• **Problem requirements**:
All the lines below need to be output exactly, apart from any images.

• **Information shown**:
==*==

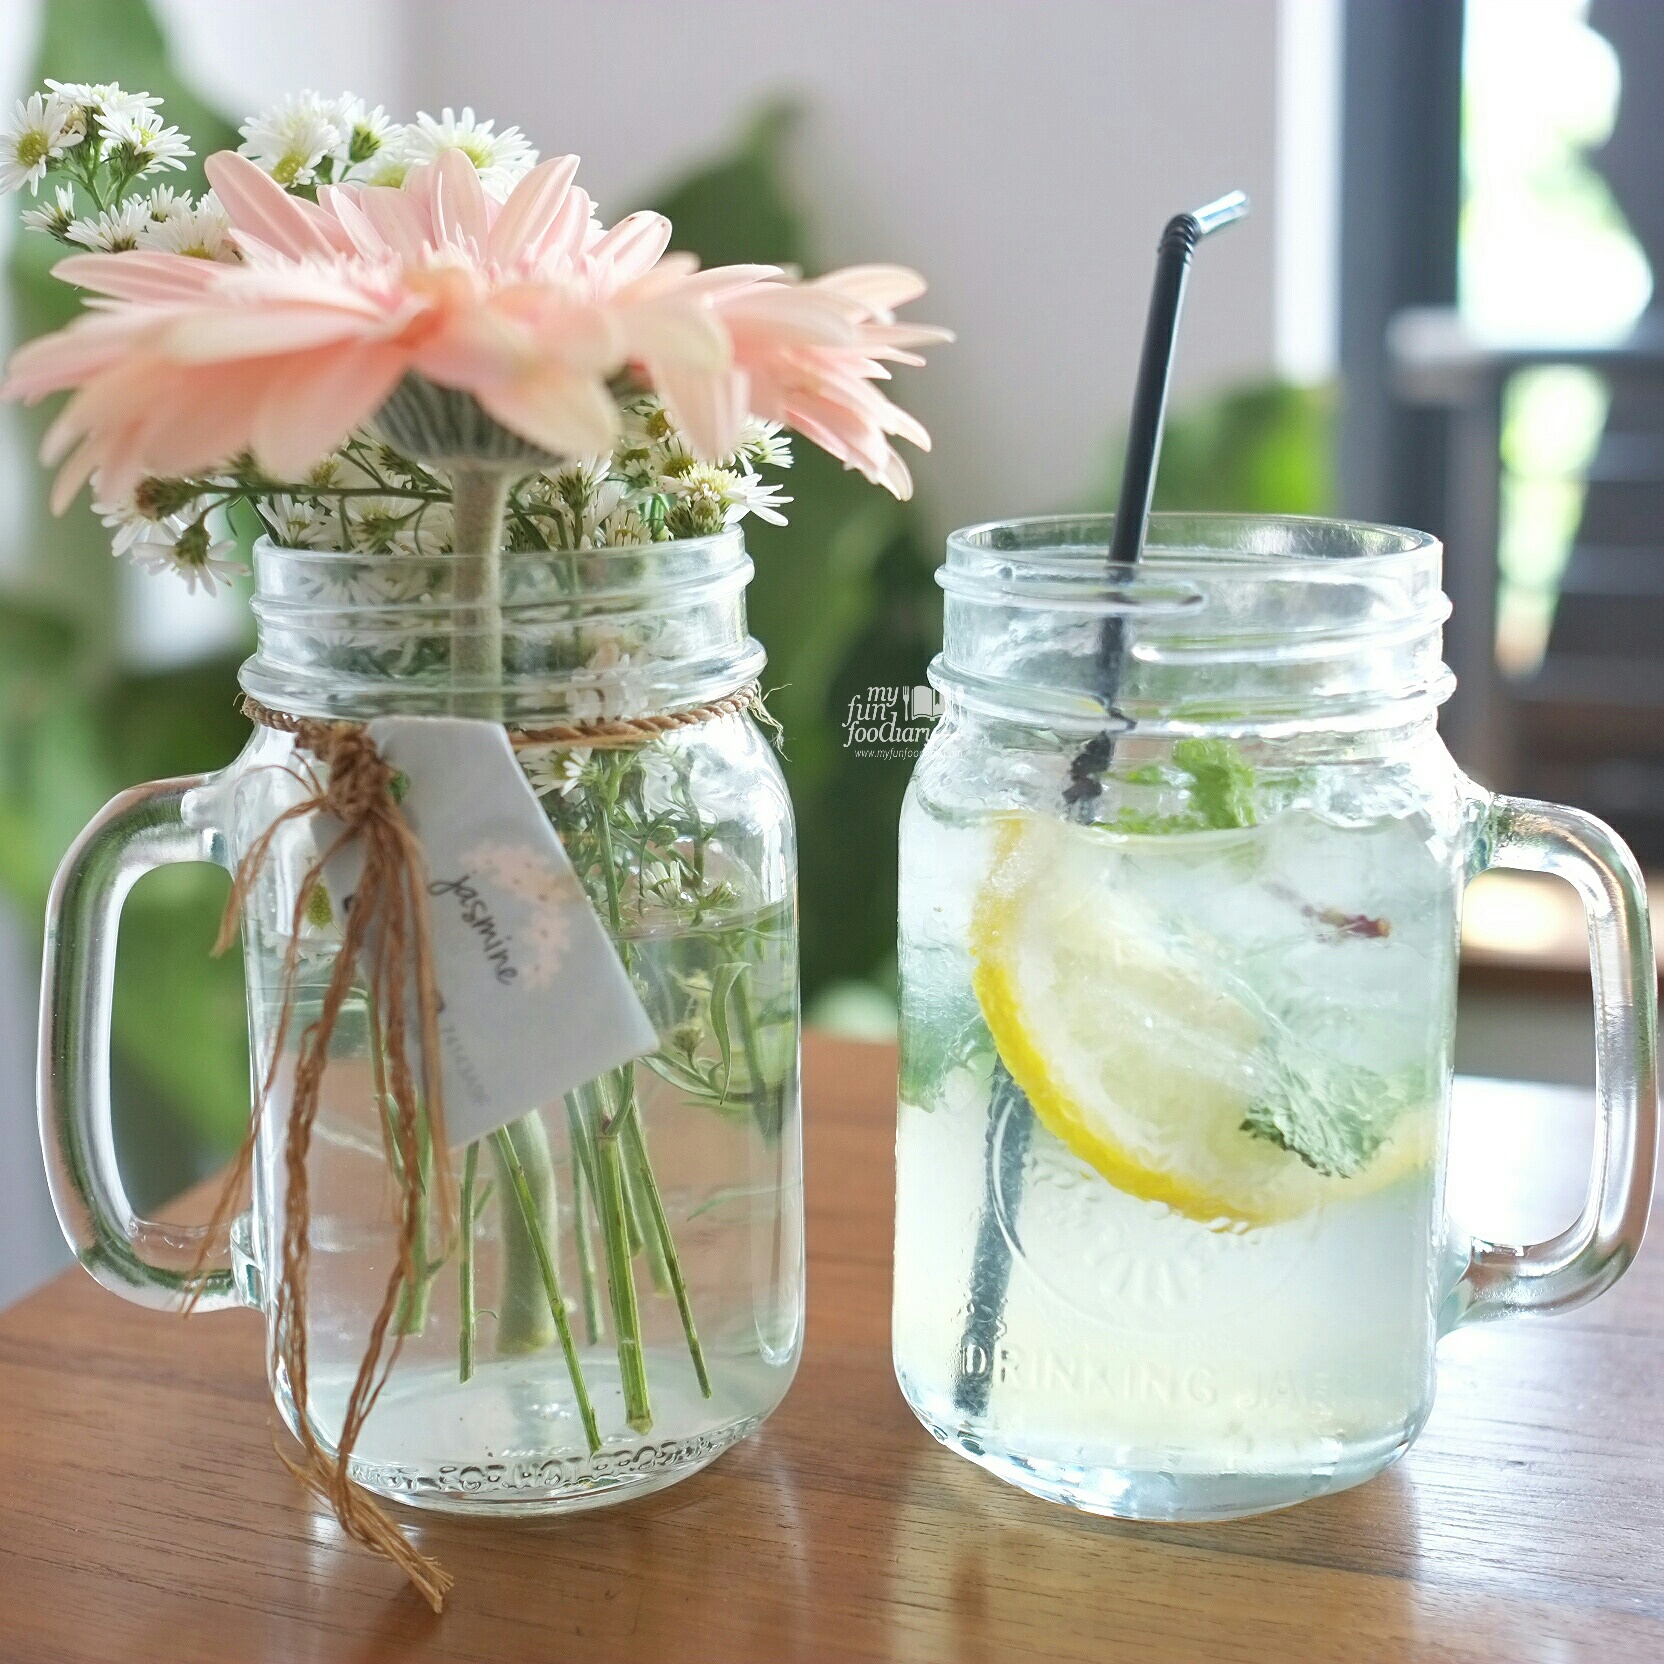 Seasonal Homemade Lemonade at Sukha Delights in Bandung by Myfunfoodiary
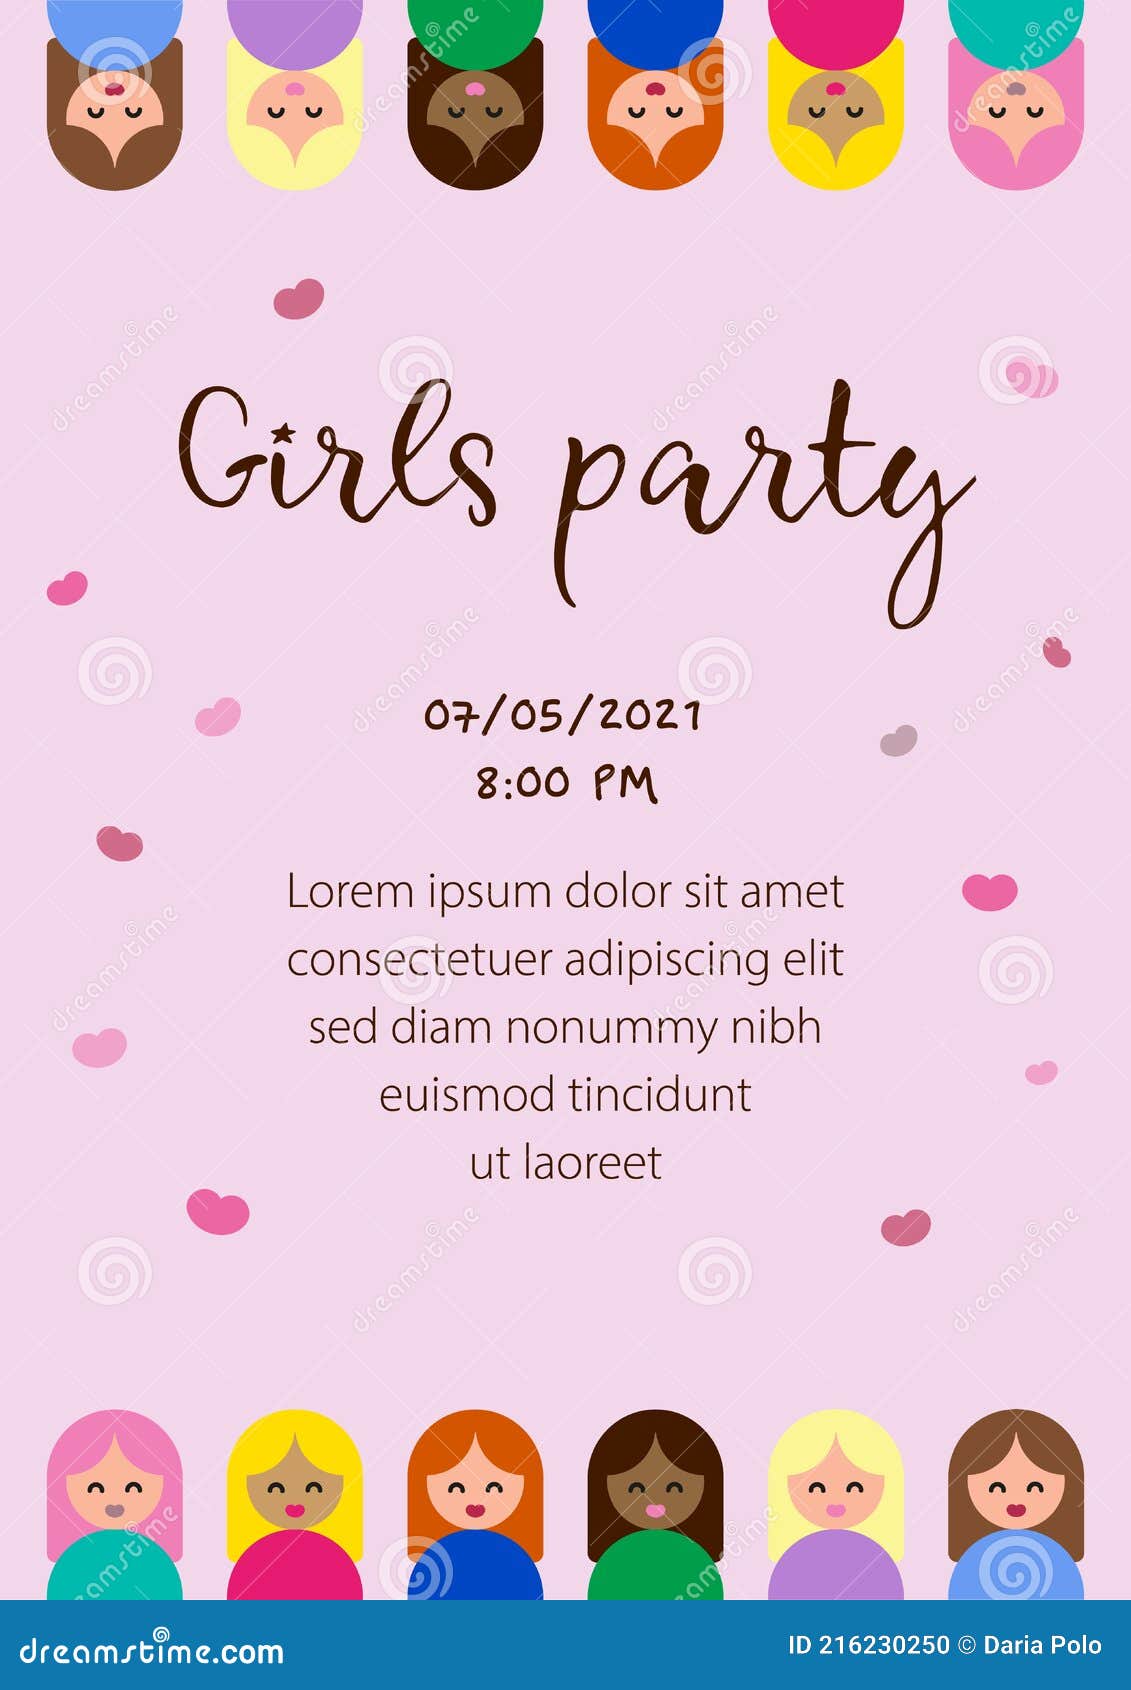 Convite festa SPA para meninas
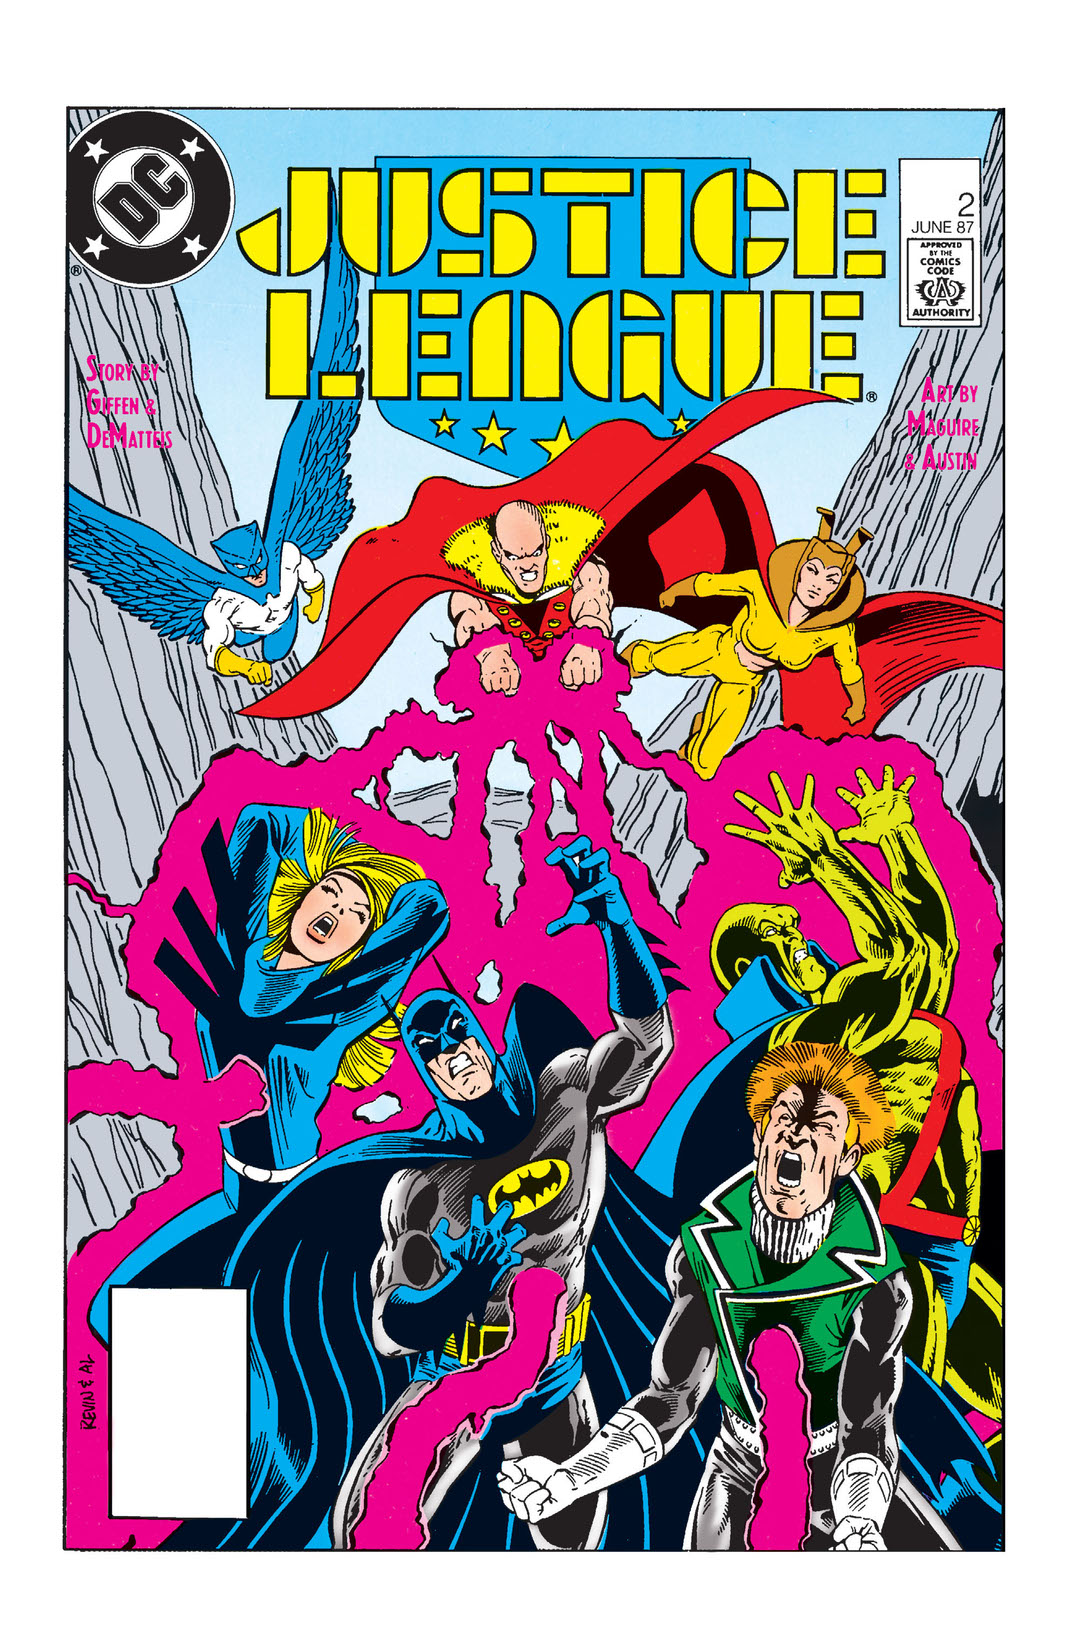 Justice League (1987-1996) #2 preview images
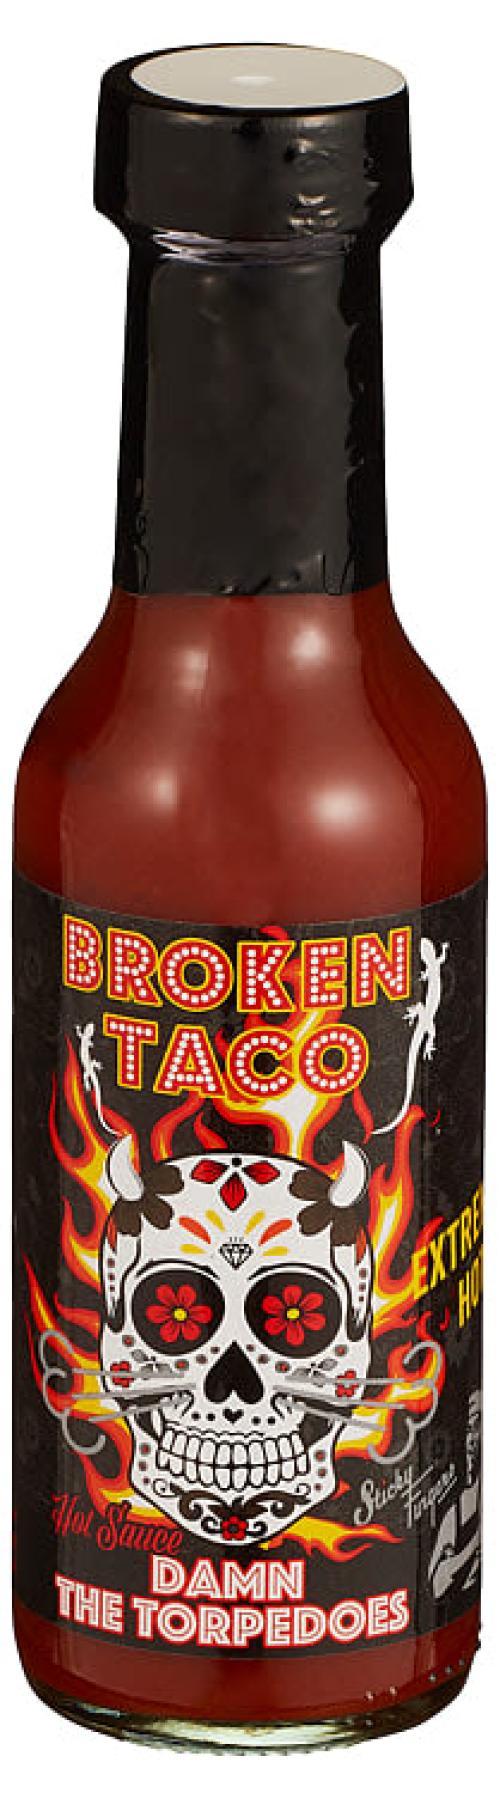 Taco Sauce Hell No Hot 150g Broken Taco

==*==

• **Output of the exercise**:
 Seasonal Homemade Lemonade at Sukha Delights in Bandung by Myfunfoodiary
 Convite festa SPA para meninas
 Justice League (1987-1996) #2 preview images
 Taco Sauce Hell No Hot 150g Broken Taco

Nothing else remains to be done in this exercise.